A few weeks ago I “pulled a muscle.” You’d think at my age that I would know better than to shovel snow; but it was such a pretty, blue-sky day, and I felt so good, that I simply didn’t think. Two days later my back ached. By the end of the week I couldn’t walk, and soon an old sciatica, reignited, was shooting pain down into my foot.
I’ve done everything imaginable to get well again, including doctors, chiropractors and PT, heat, cold, back brace, and prayers by wonderful Silent Unity, plus energy work like Reiki and Cranial Sacral. It’s just going to take time. Meanwhile I would find myself falling sometimes into such self-pity that I started scolding myself for the pity-parties I despise.
“If self-pity hastened the cure,” laughed one friend who has her own problems, “I’d have an amazing recovery!” And yet the pity is not wrong. Instead of critical self-pity, though, why don’t I call it self-compassion? When I acknowledge my sorrow, my low spirits shift, move off. Let’s talk, therefore, about loving ourselves with all our frailties and failures.

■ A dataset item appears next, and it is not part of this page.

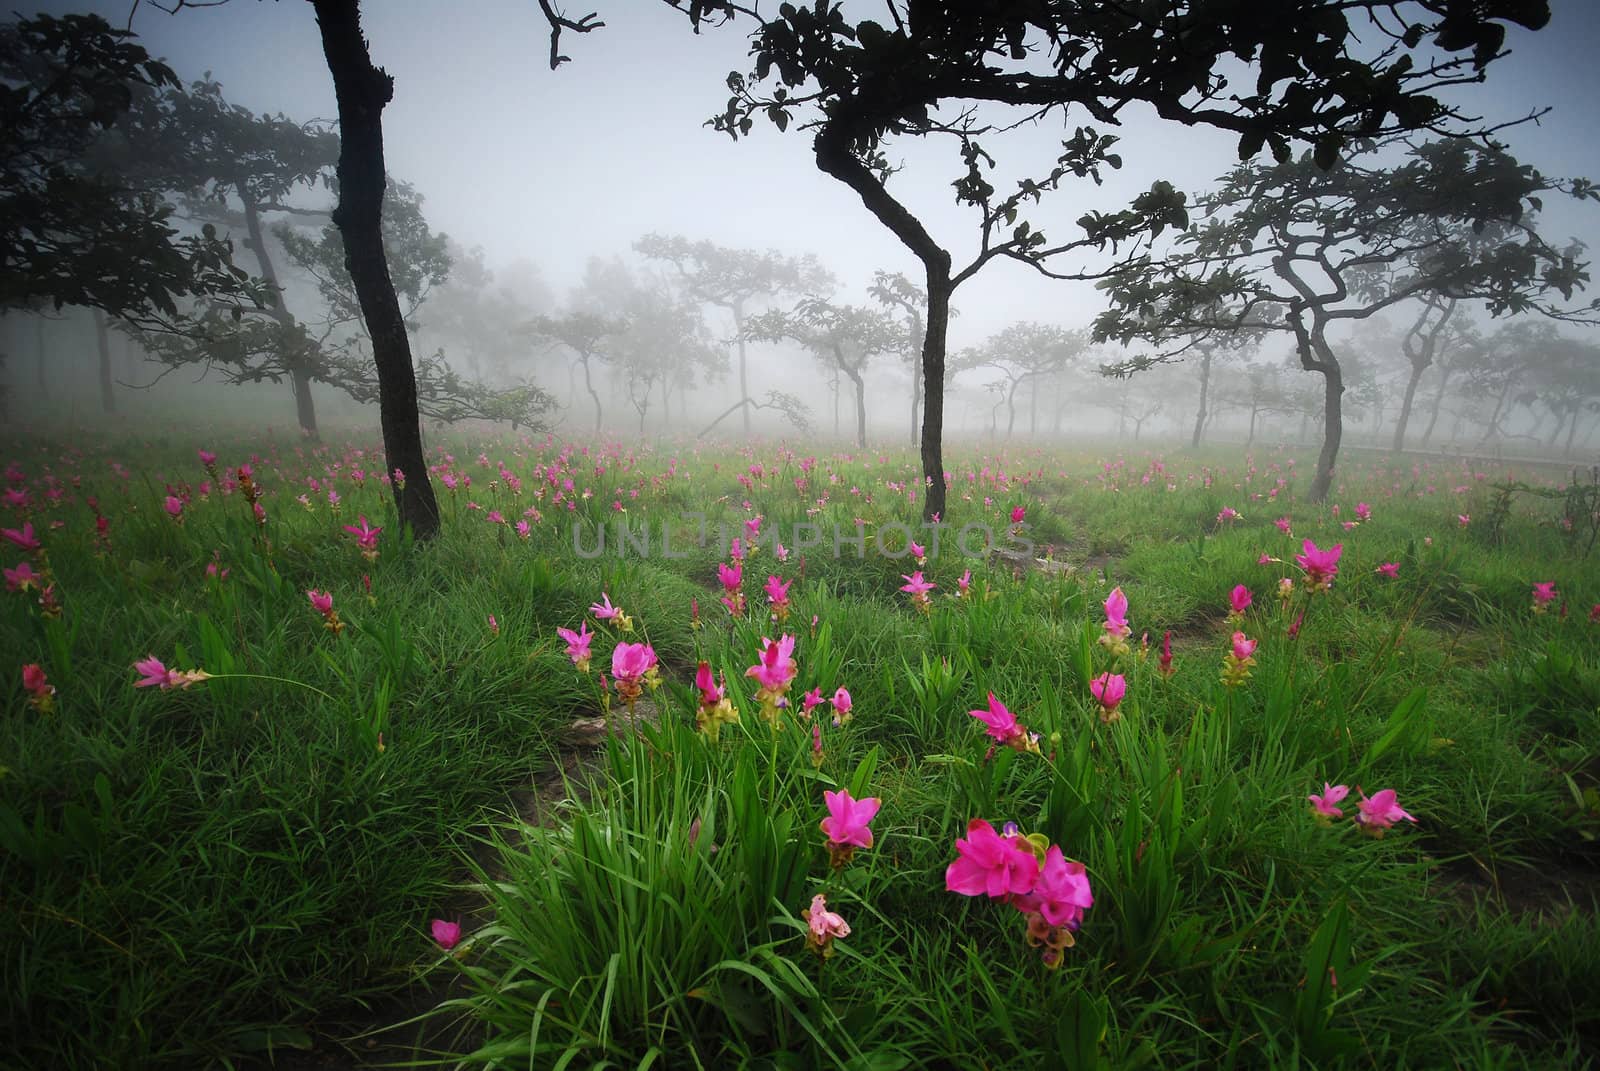 flower field in fog by porbital

Last week as I lay on the massage table for a long and luxurious cranial-sacral treatment, drifting in and out of awareness, I found myself praying to my body. All my life my body has done whatever I asked of it, and I don’t think it had ever occurred to me before to give it thanks. Lying there, responding to the osteopath’s gentle suggestions, I was aware of the miracle of having a body. Imagine! I live inside a body! What a privilege!

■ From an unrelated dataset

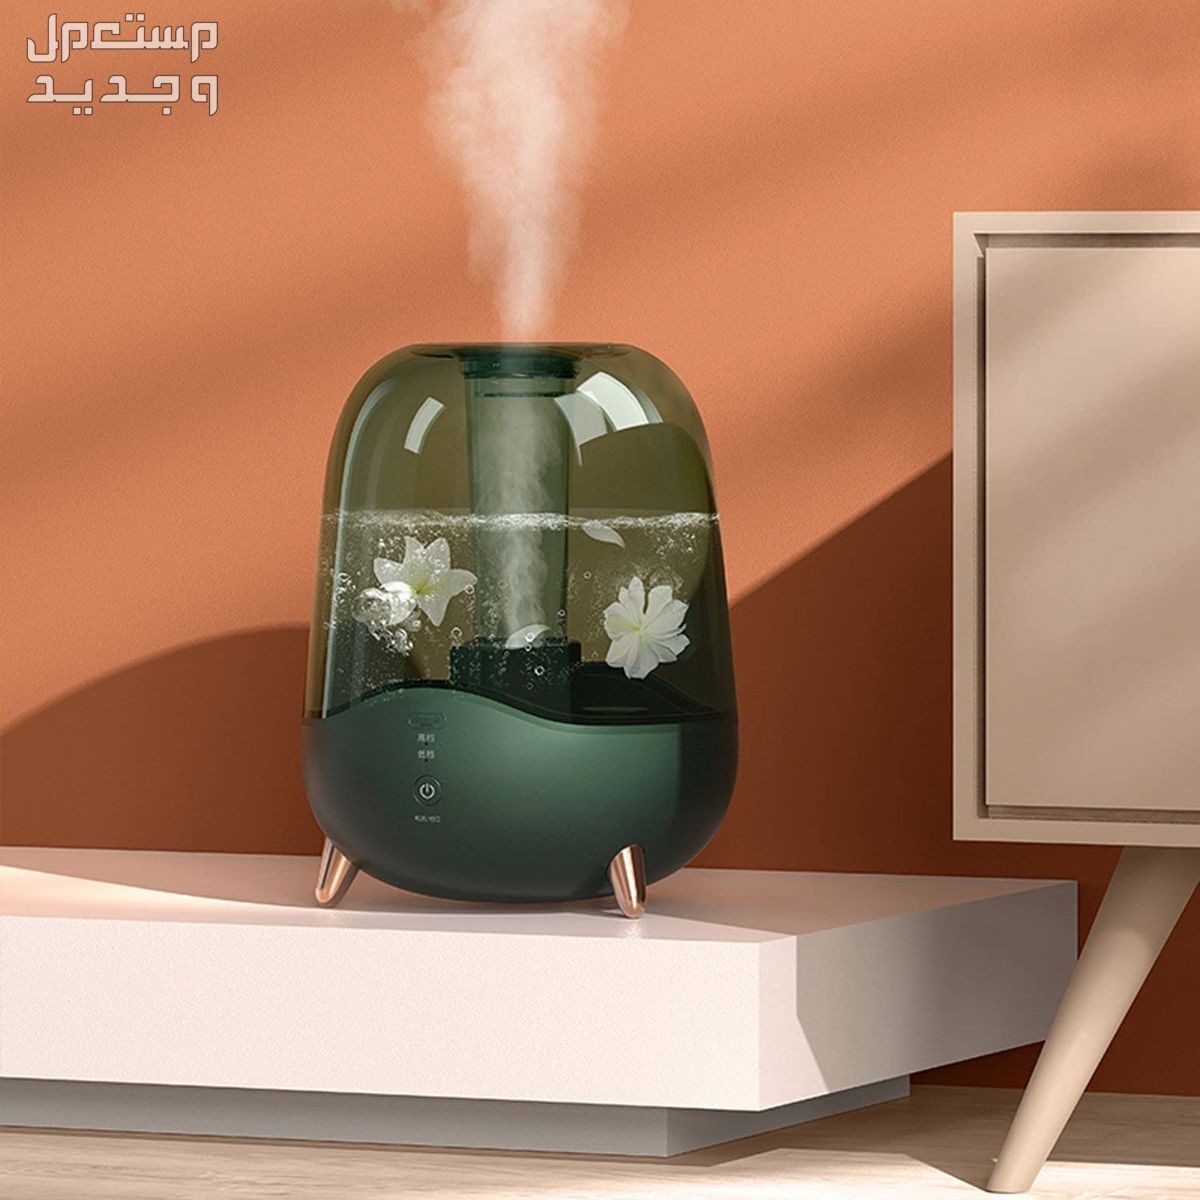 كيف يعمل جهاز التعطير الذكي في المنزل في الإمارات العربية المتحدة طريقة عمل جهاز التعطير

And then I remembered that Forgiveness is the most powerful prayer you can make. All Christ needed to do in order to heal the leper or the man blind from birth or the adulteress was to murmur, “You are forgiven.” And they walked off healed.
Lying there, I asked my body to forgive me for all the times I have abused it, or invaded it with surgery or flushed it with powerful emetics for some unnecessary colonoscopy demanded by my doctor, for mashing my breasts under mammagraph machines or blasting my belly and limbs with x-rays and MRIs. How many times have I slashed my body open to remove some inner part, beginning with tonsils and adenoids and appendectomy when I was only a child and going on right into adulthood, cutting my flesh open to toss out cysts and organs as if they were just trash.

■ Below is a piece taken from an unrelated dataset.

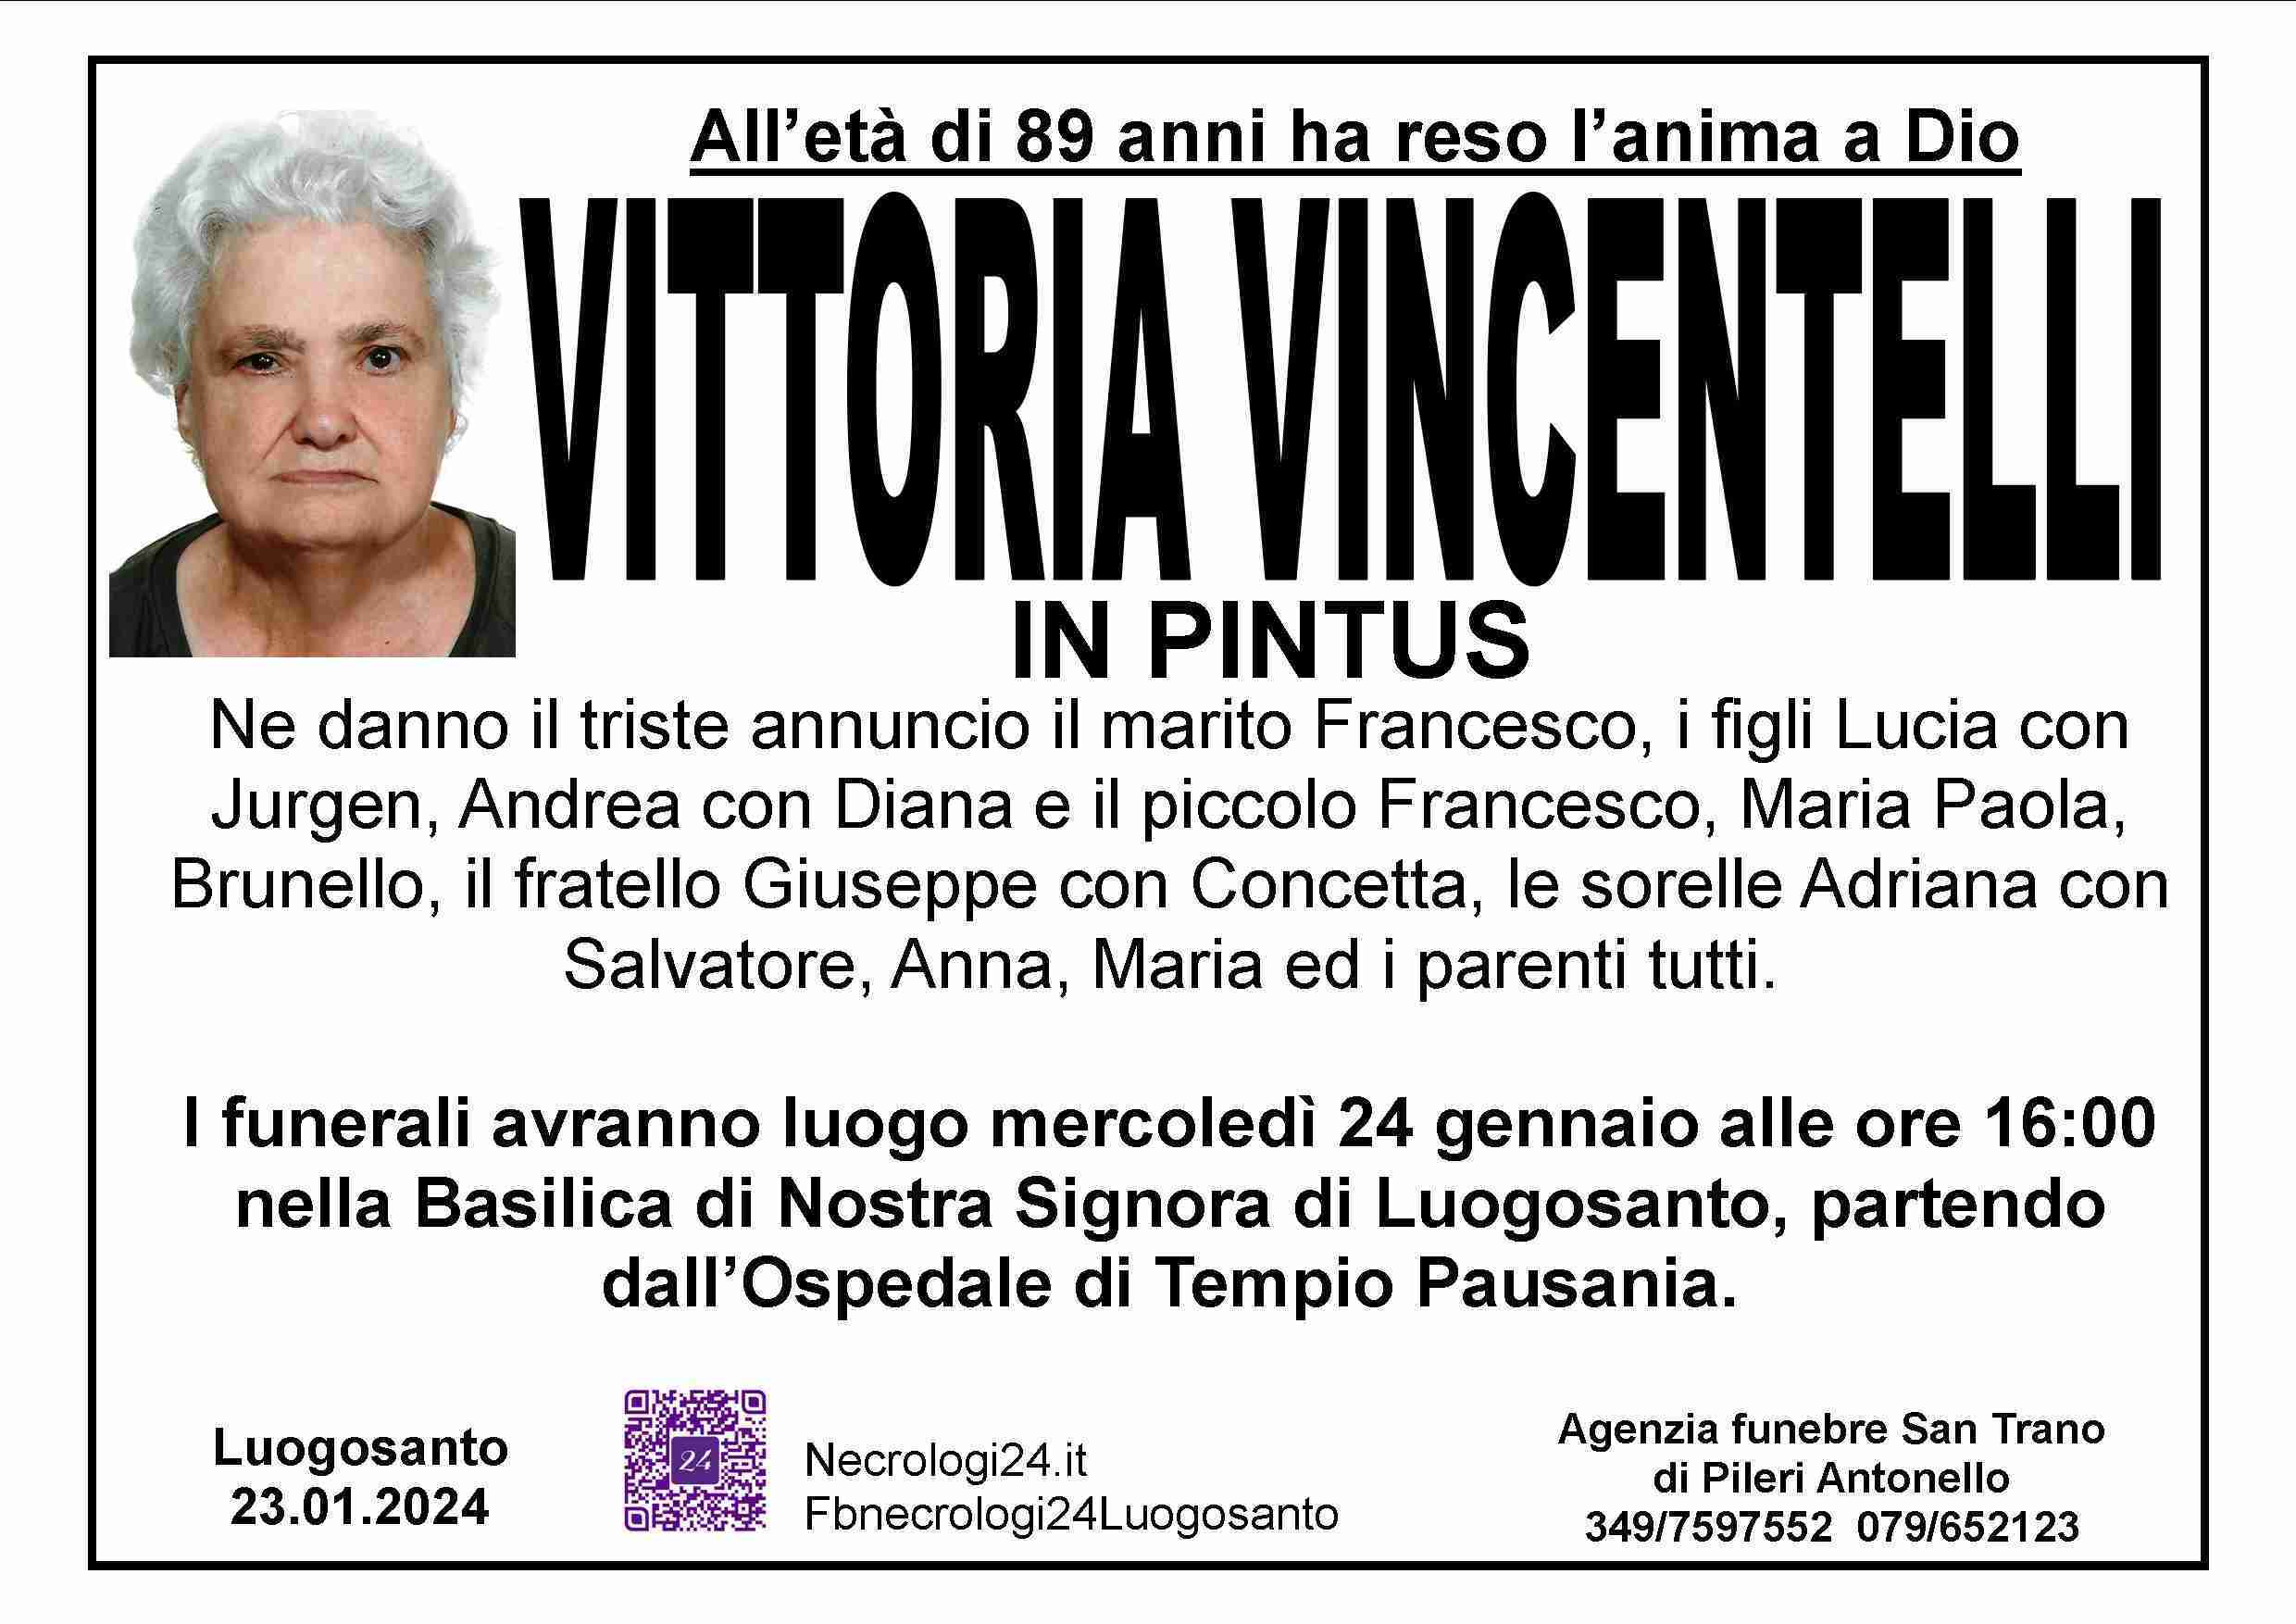 Vittoria Vincentelli

Lying there, asking for forgiveness, I thanked it for everything it has done for me. The fact is, I live inside this miraculous self-healing organism that cares for me and enfolds me and that functions without my having to do a thing. My heart beats 4800 times an hour, 42,000,000 beats a year and billions upon billions of beats for my lifetime without a single pause; my lungs fill and deflate with air, circulating nutrients to every muscle, tendon, cell. My brain sends forth electrical currents to feed this magical system. My bones regenerate every ten years, white blood cells every week, my skin every two or three weeks. And I take it all for granted.
Then I forgave my body for growing old, for having wrinkles and sagging skin and loosening stomach muscles, and shifting itself out of alignment.
Here’s what’s odd. Was it my imagination?
As I prayed, I could feel my body relax. I could feel it accept—am I crazy? — my thanks, and stretch, as it were, take a breath, and settle down to heal.
Here’s another idea. In the last few days I’ve been experimenting with something else: When I feel loved, and when I am openly loving something else (cat, dog, human, tree or bush), when my heart opens and I am flooded with spiritual well-being, the pain vanishes. Also when I am meditating. Also when I am painting or concentrating on writing or creating.
I’m not saying this is easy. When I am tired, or become anxious and afraid, when I start to scold myself impatiently for not healing faster or better, when I berate myself as old and useless and finished — used up. . . my back begins to spasm, and I am weak and sick again.
Can this be possible?
Is healing simply another word for love? I mean, love for myself and fearless, unfathomable love extending out toward others? Is it possible that self-compassion and an open-hearted delight is one of the secrets to getting well?
Well, I hope you’ll love yourself into the healed wholeness (I believe the word are etymologically related) you desire! I also found yoga helpful; I could relax into it as only do as much as I could…I do think peaceful meditations and deep relaxation allow us to leave pain behind. Reading good writing does that for me, too. Thank you for that! Sweet healing and gentle peace.
Thank you, dear Sophy, your words are a balm for me right now. I hope you feel splendidly well!
Wonderful post, Sophy. I do remember to thank my body now and then, especially for healing up from big injuries, illness. Your words, your experience, reinforce this practice. And though I’ve apologized to my body sometimes for “dumb moves,” I like the idea of taking it further and asking for forgiveness. Thank you for this.
I think forgiveness is the best revenge to cure any disease or mishap. Whatever the situation is
we may accept it openheartedly and then start remedial measures. Forgiveness is far better than
cursing and accusing. It is really a good article how to tackle a bad situation!!